Literature Connections:

The Long and Short of It By Cheryl Nathan and Lisa McCourt

Mathematical Strand:



The Geometry Standard, Benchmark 2: Measurement and Estimation. The student uses appropriate vocabulary to compare the measurment of the animal he/she is drawing

Grade Level:

1st Grade

Lesson created by:

Karen Bargabus

Lesson Description:


  • The Long and Short of It by Cheryl Nathan and Lisa McCourt, Troll Books, Bridgewater Paperbacks, 1998.
  • white construction paper, color pencils, markers, colors,
  • items students can use to make comparisons as they draw their animal

1. Launching the Lesson

  1. Read the book. Talk about favorite pages the children had and why they liked them. Focus on the mathematical vocabulary used to compare sizes.
  2. Tell students they will be drawing animals that may have lived long, long ago in Kansas. They can be imaginary animals, or real animals. However, there will be some rules their animals have to fit. For example, I will ask them to draw a body for their animal that is a little bigger than their foot. Then I will ask them to draw heads, legs, eyes, mouths with teeth, noses, and ears. I will demonstrate how they draw the side view of their animals and show pictures in the book so they understand the term profile/side view.
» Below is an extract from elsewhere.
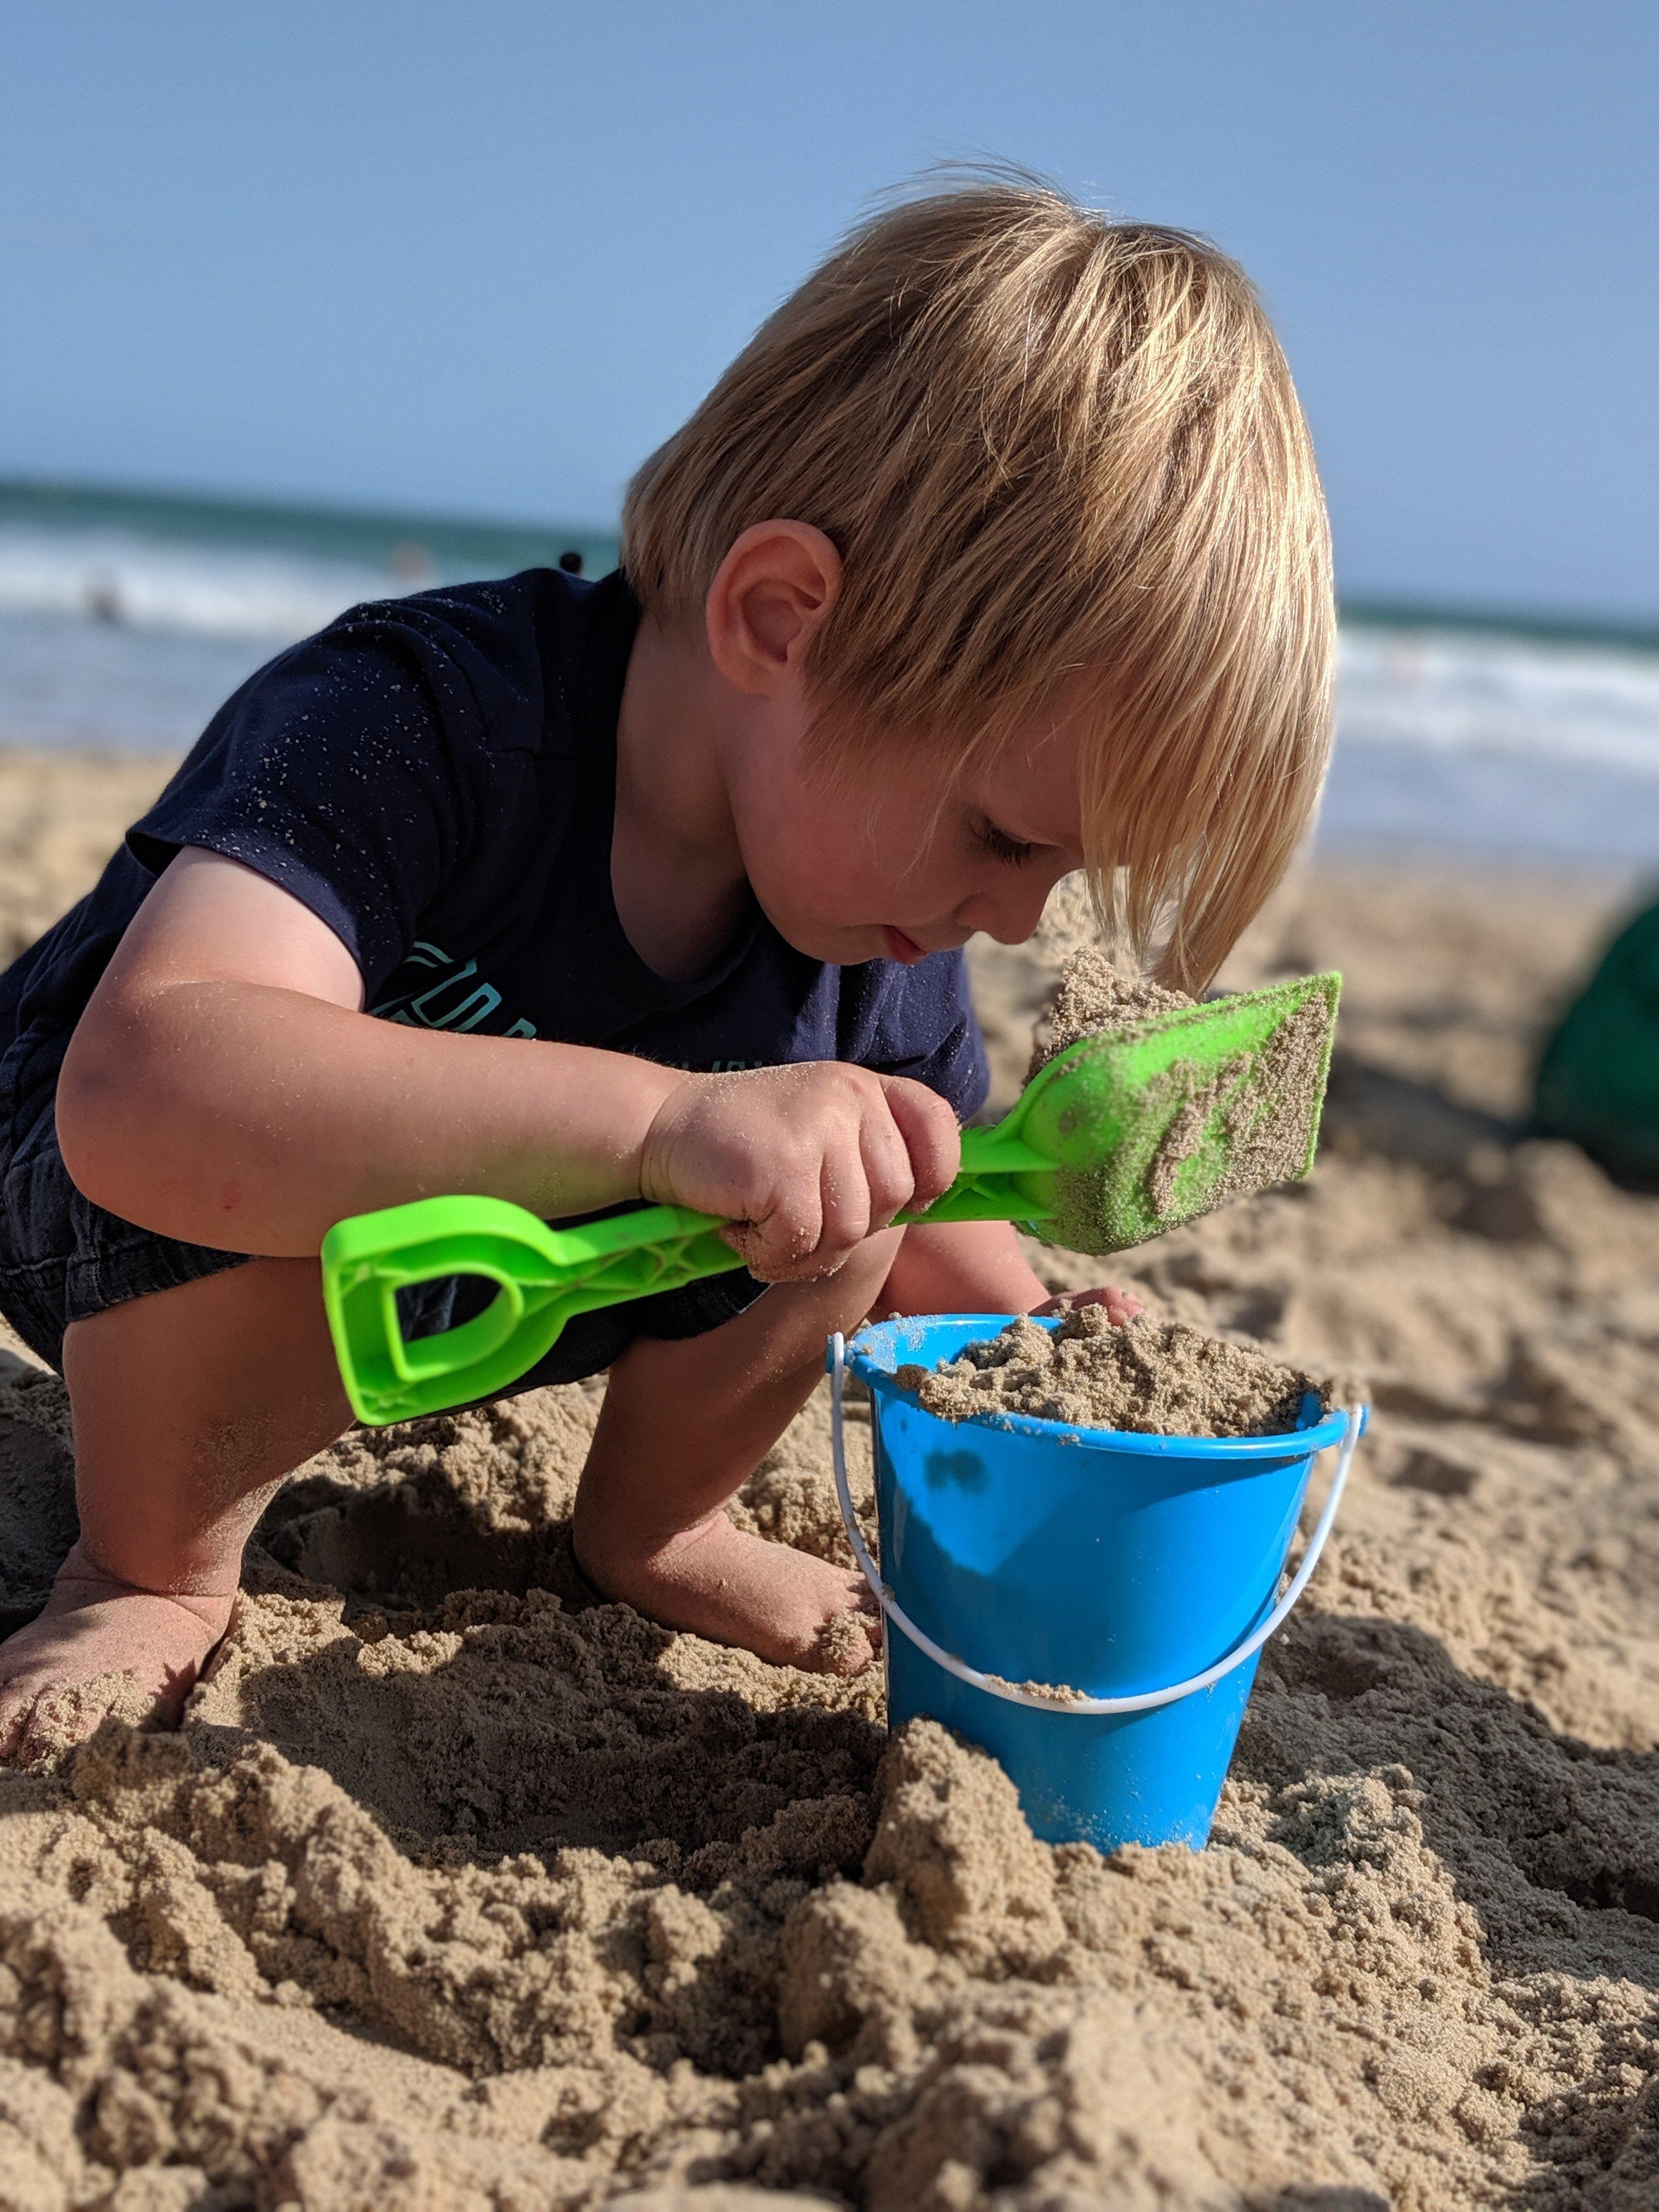 toddler on the beach making sandcastles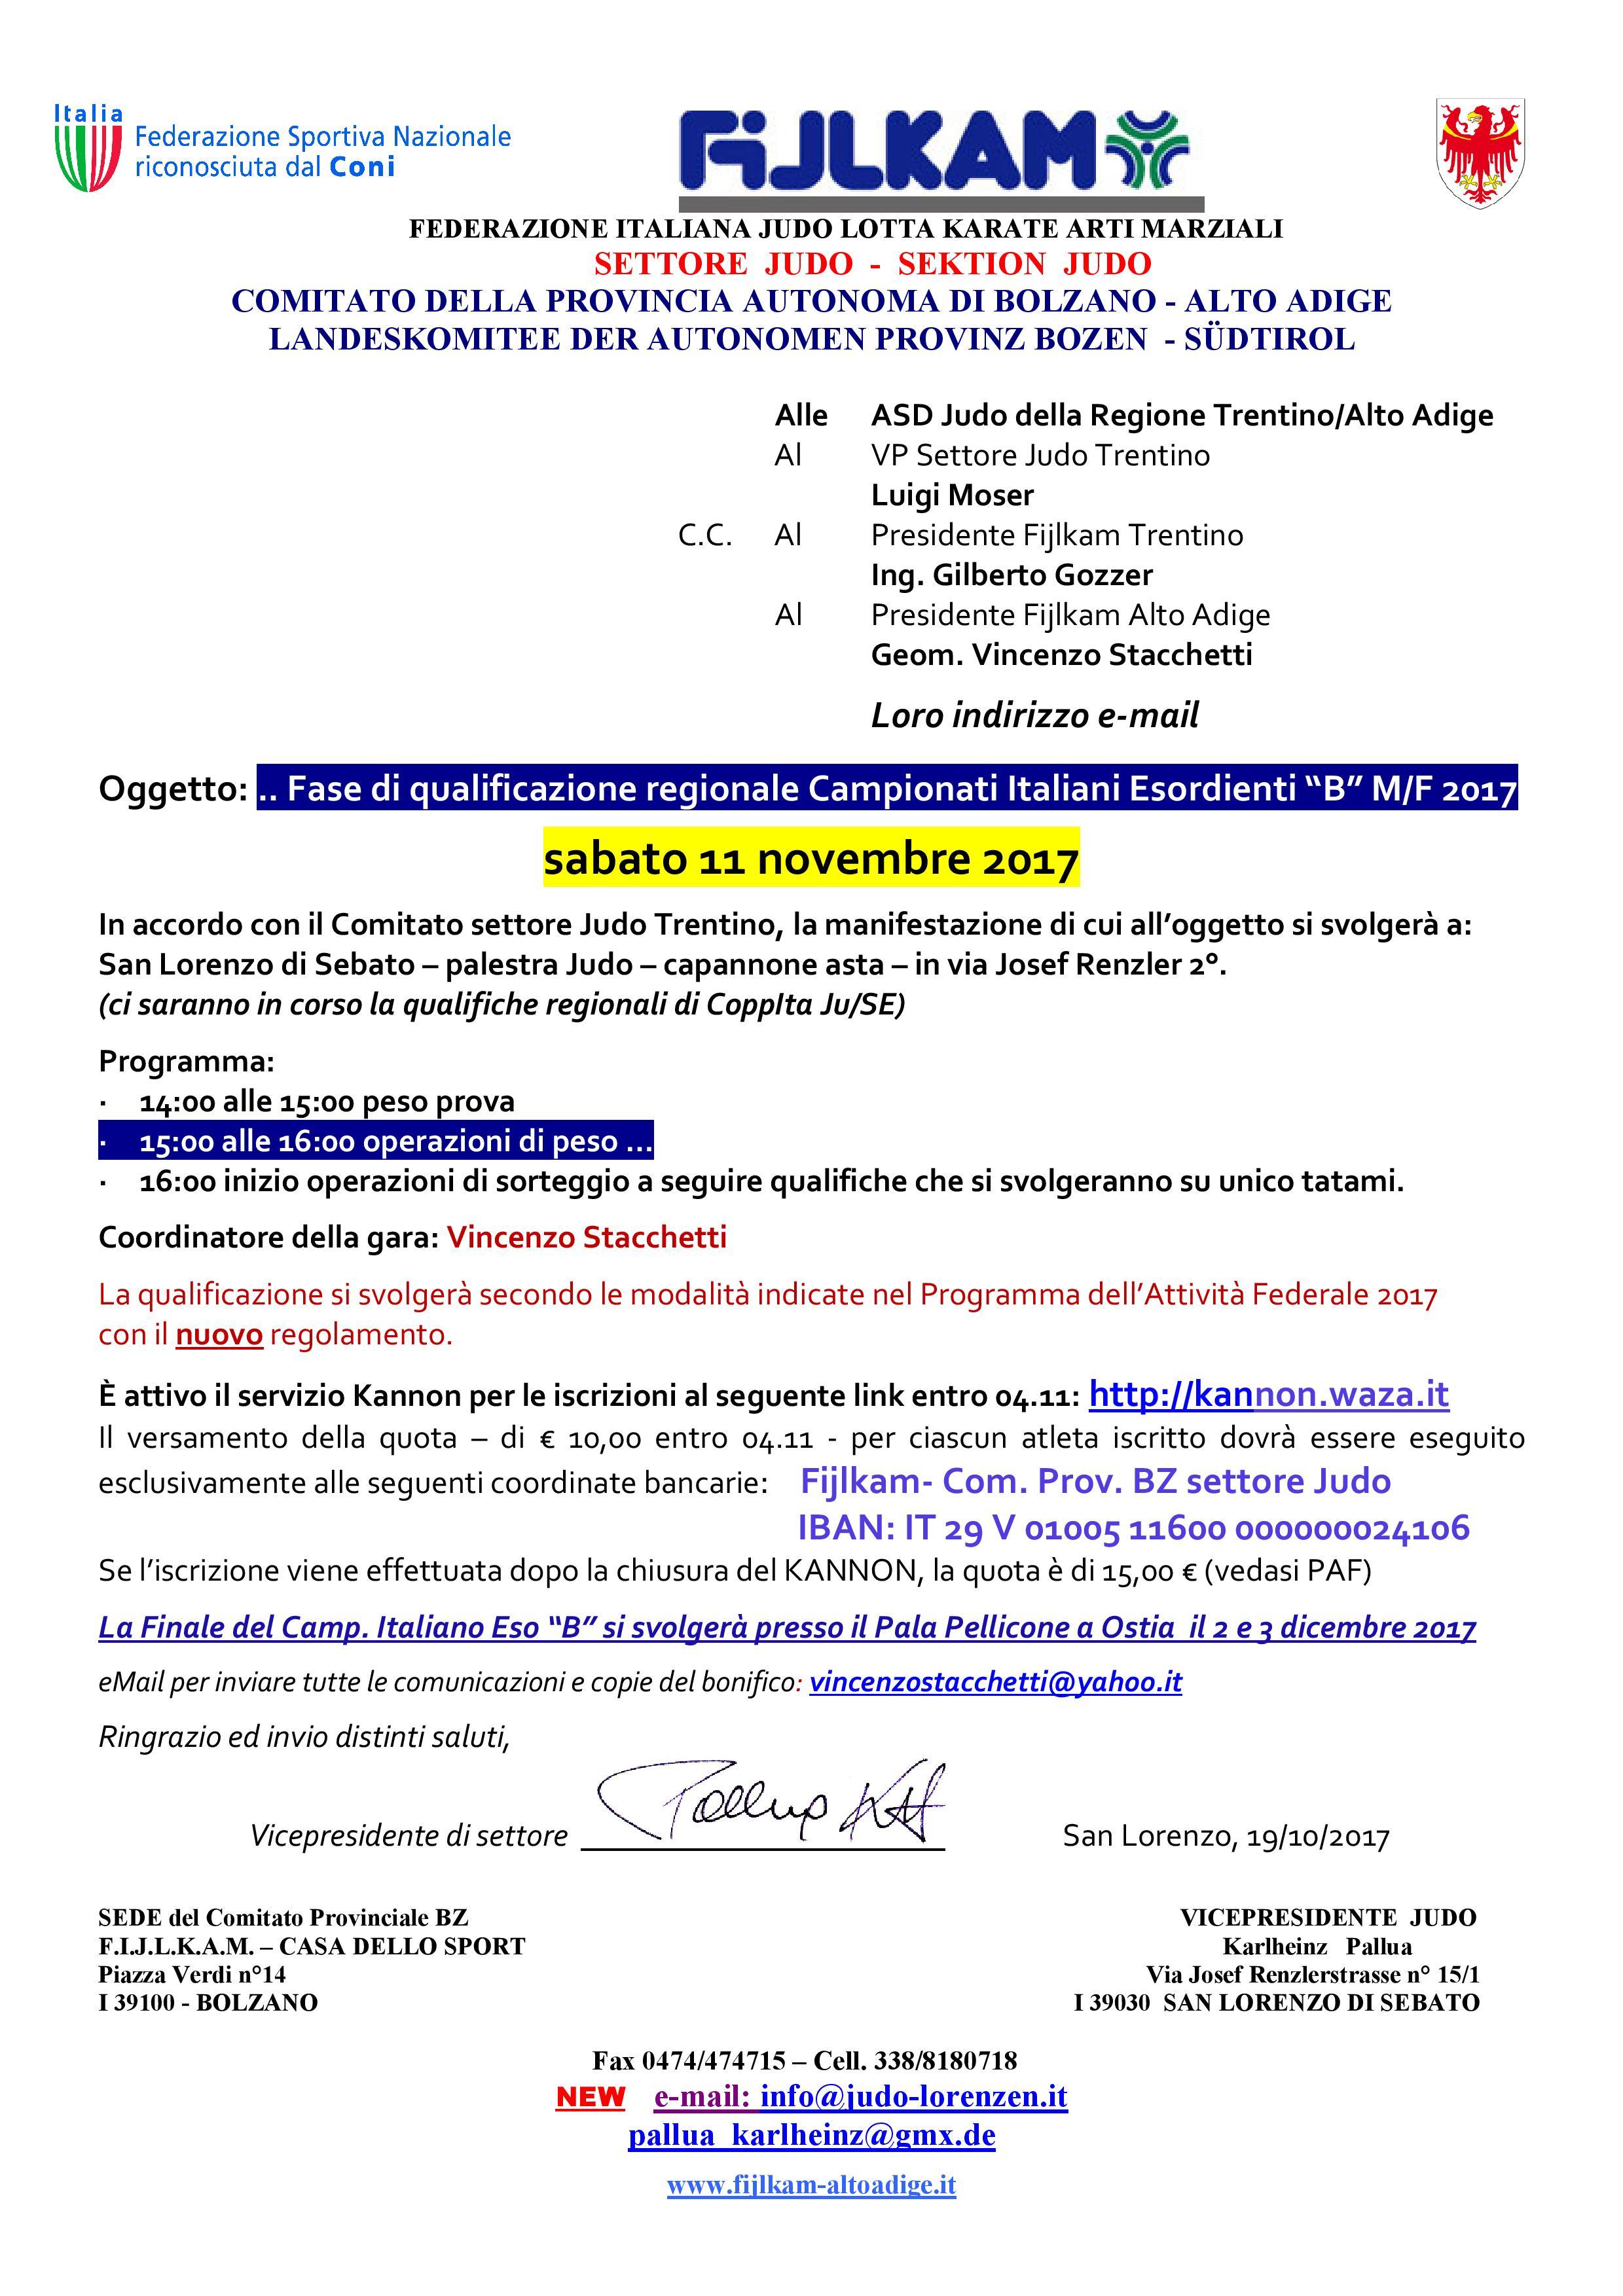 Calendario Aste Bolzano.Calendario Eventi E Gare A S D Judokwai Bolzano

I will write the rules down for drawing, step by step. When they are done drawing, they will describe their animal using mathematical terms, but may also use color words. I will model this piece of writing with the picture I have secretly drawn as I gave them the rules.
  3. Drawing instructions (write these down for children as you have them draw):
  • body a little longer than your foot, and in the shape of an ellipse (oval)
  • a head that is larger than a magnetic vowel letter and any shape you want (refer to shape chart and teach children about drawing profile of the head)
  • Legs shorter than their thumbs
  • A tail longer than their crayon. (It can be curved or straight) and wider than a pencil
  • A mouth shorter than a stapler
  • eyes that are smaller than dimes
  • ears that are shorter than a key
  • a nose that is any size they want (ask them to describe some noses and write down their descriptions )
  • I will show students the animal I drew, and read what wrote about my animal, which I have names. Students will write about their animals on a separate paper.


Students will share their animals by reading what they wrote, and showing their pictures (I will paper clip what they wrote to the back of their pictures, so they will show the pictures as they read)

Elaboration: I will type out writing pieces and put them in a book with each child's animal picture.